* **Required action**: In the material below, find the span from the line with "Residentie Lambertus_interieur_2.jpg" to the line with "9cc6a9eb8c8 Lyst - Nike Free Tr 8 Lm in Gray" and transcribe only those lines, exactly, ends included, without the pictures.

* **Provided data**:
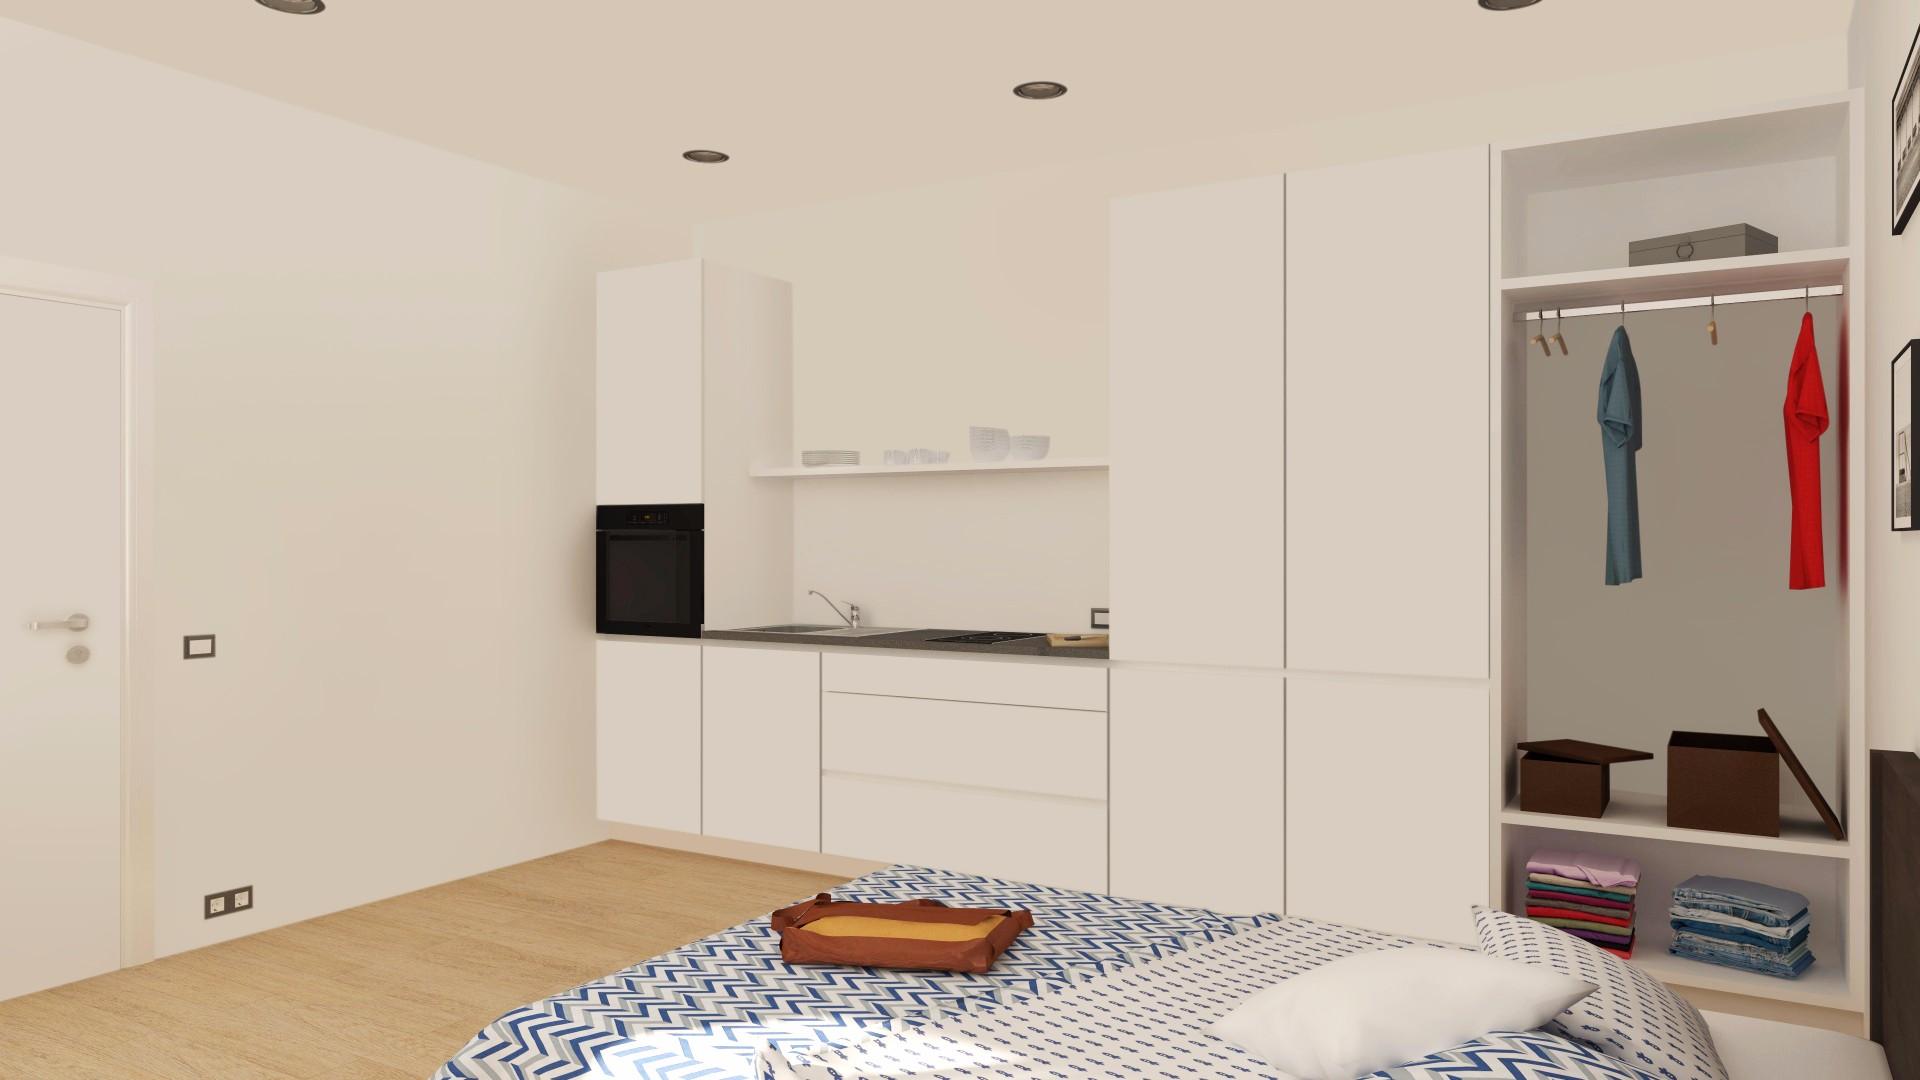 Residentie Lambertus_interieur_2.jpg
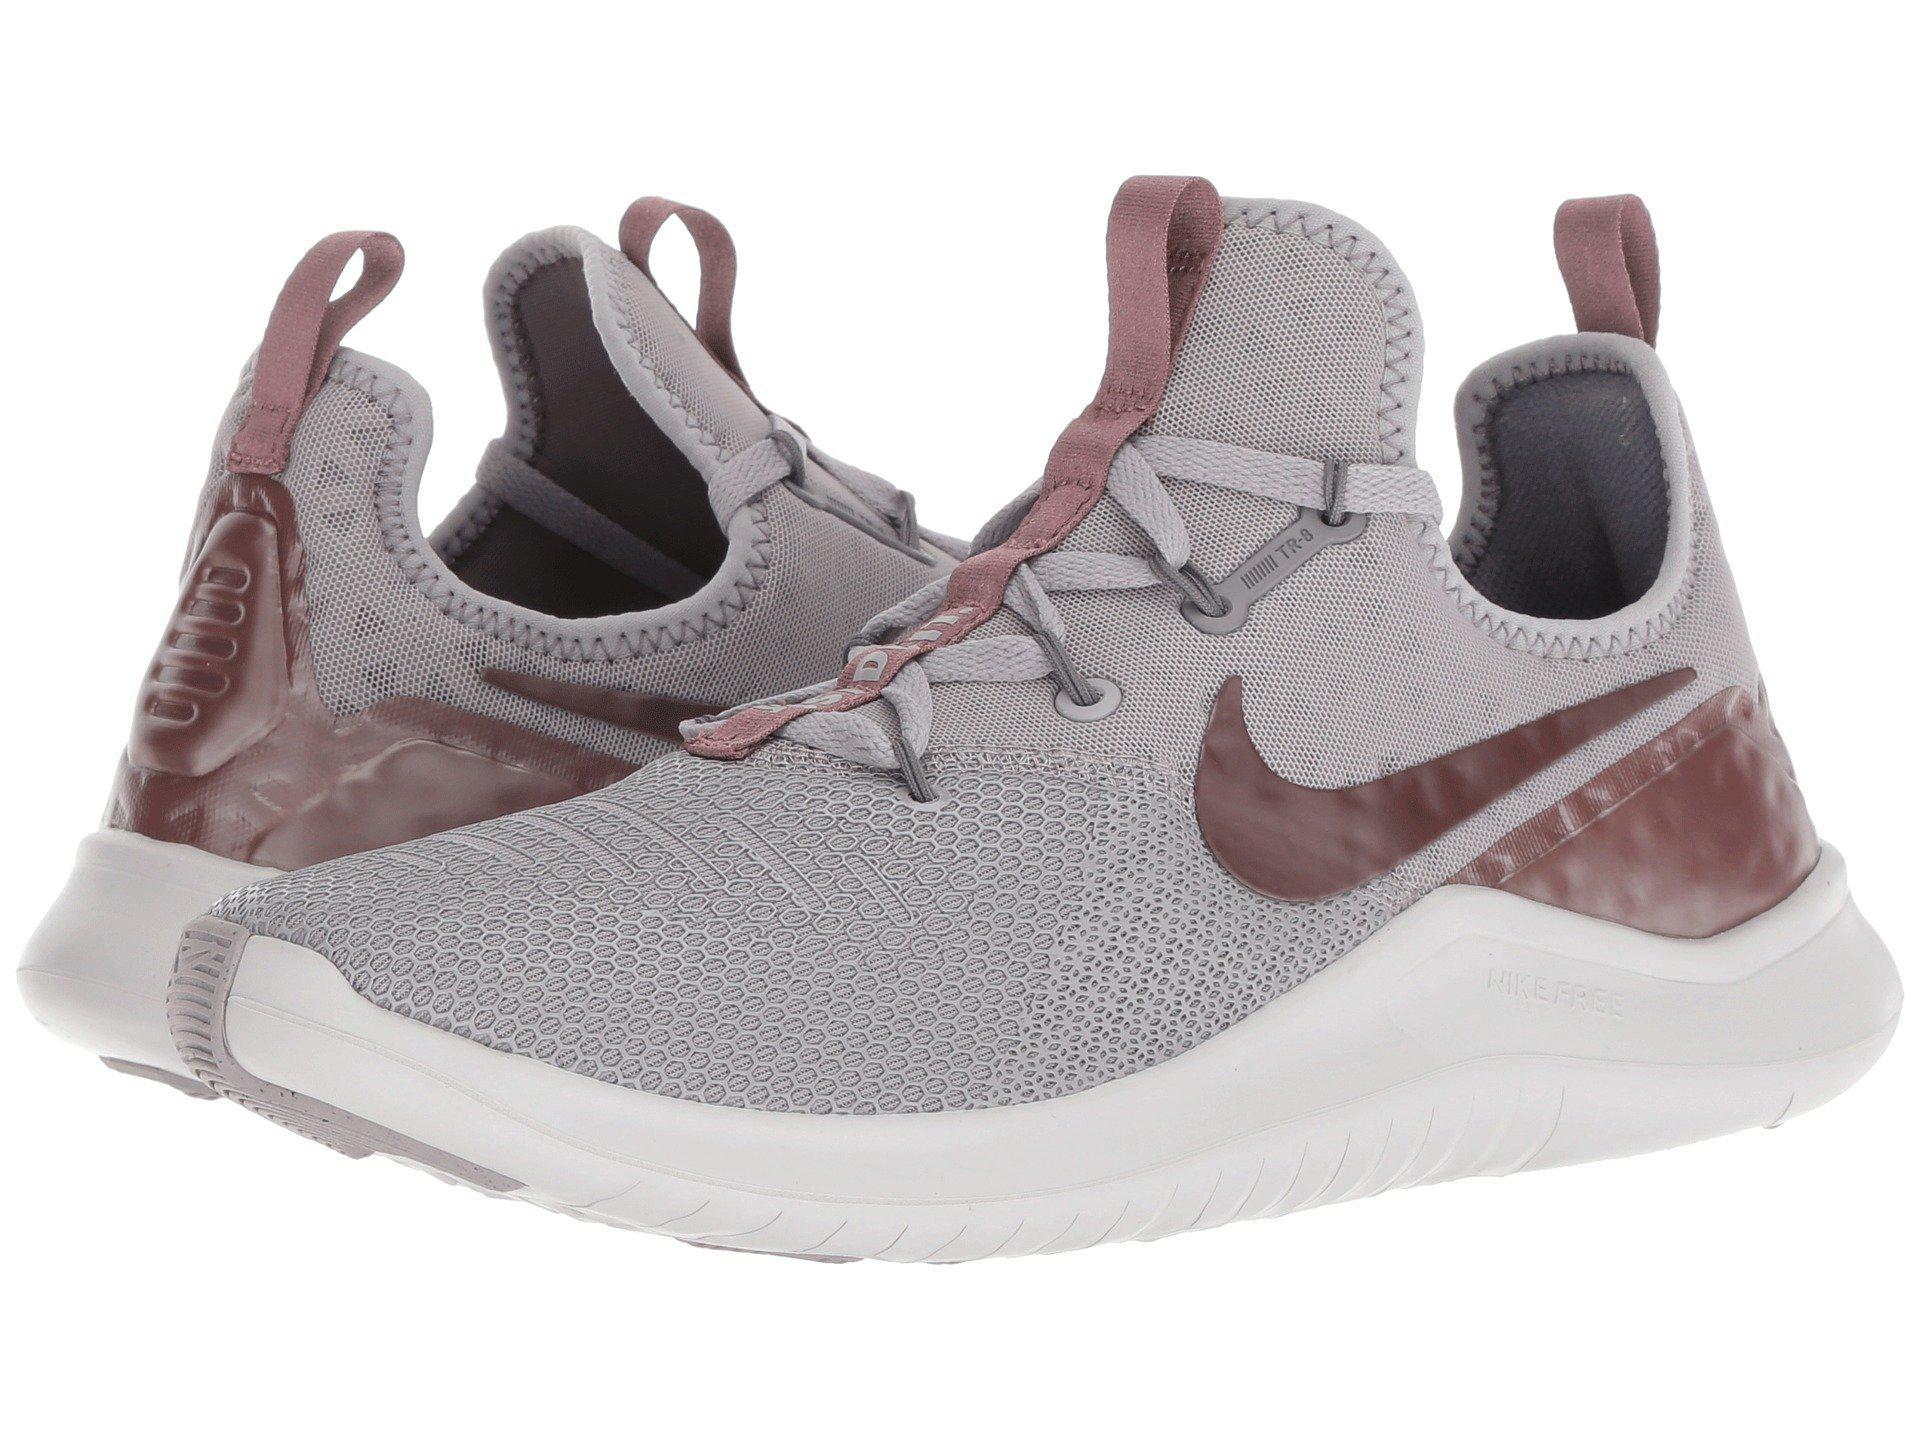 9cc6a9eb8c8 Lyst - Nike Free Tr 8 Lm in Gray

* * *

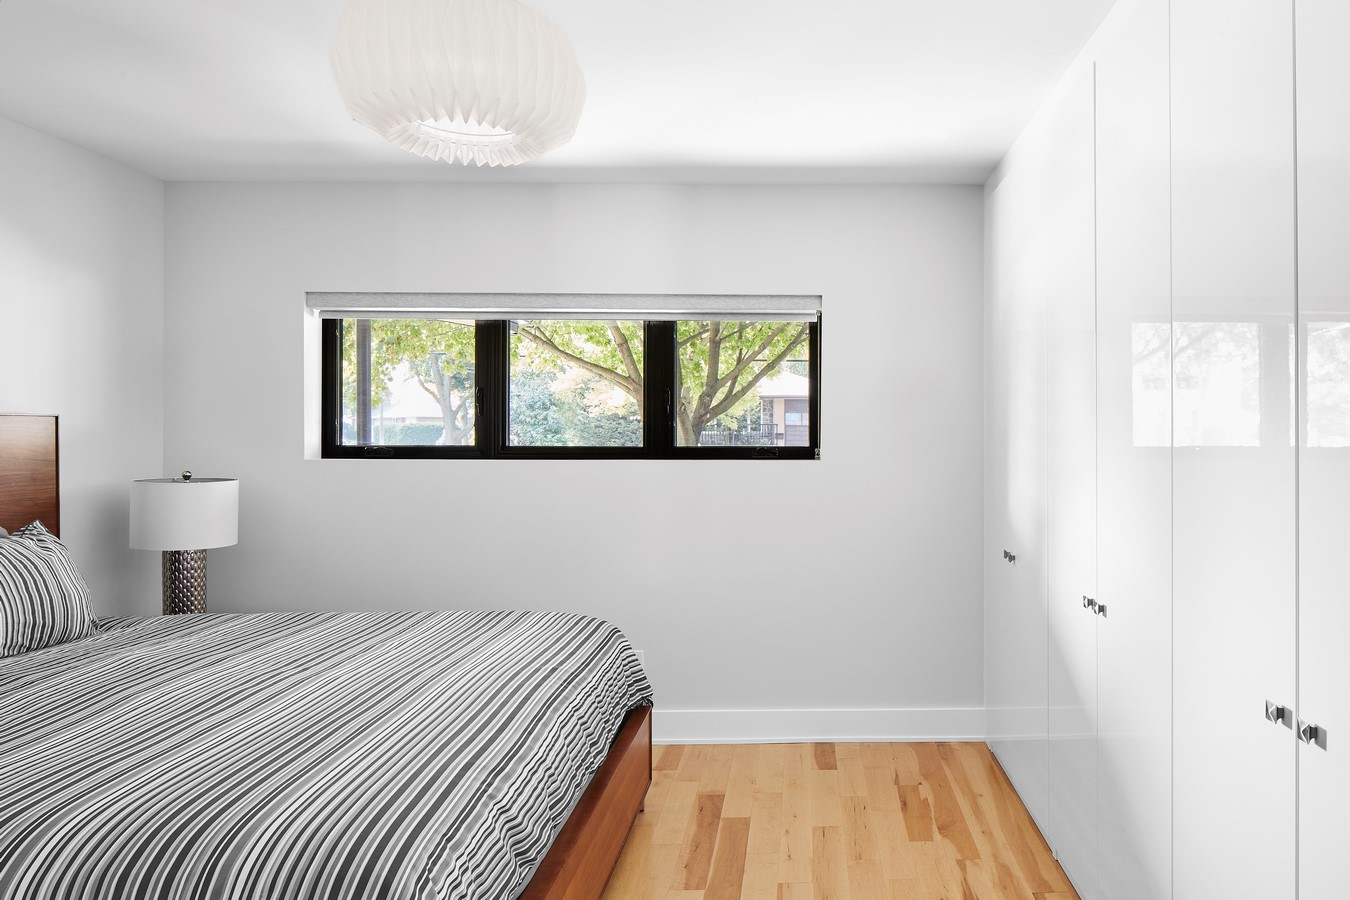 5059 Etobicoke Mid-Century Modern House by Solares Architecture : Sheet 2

* **The completed task**:
 Residentie Lambertus_interieur_2.jpg
 9cc6a9eb8c8 Lyst - Nike Free Tr 8 Lm in Gray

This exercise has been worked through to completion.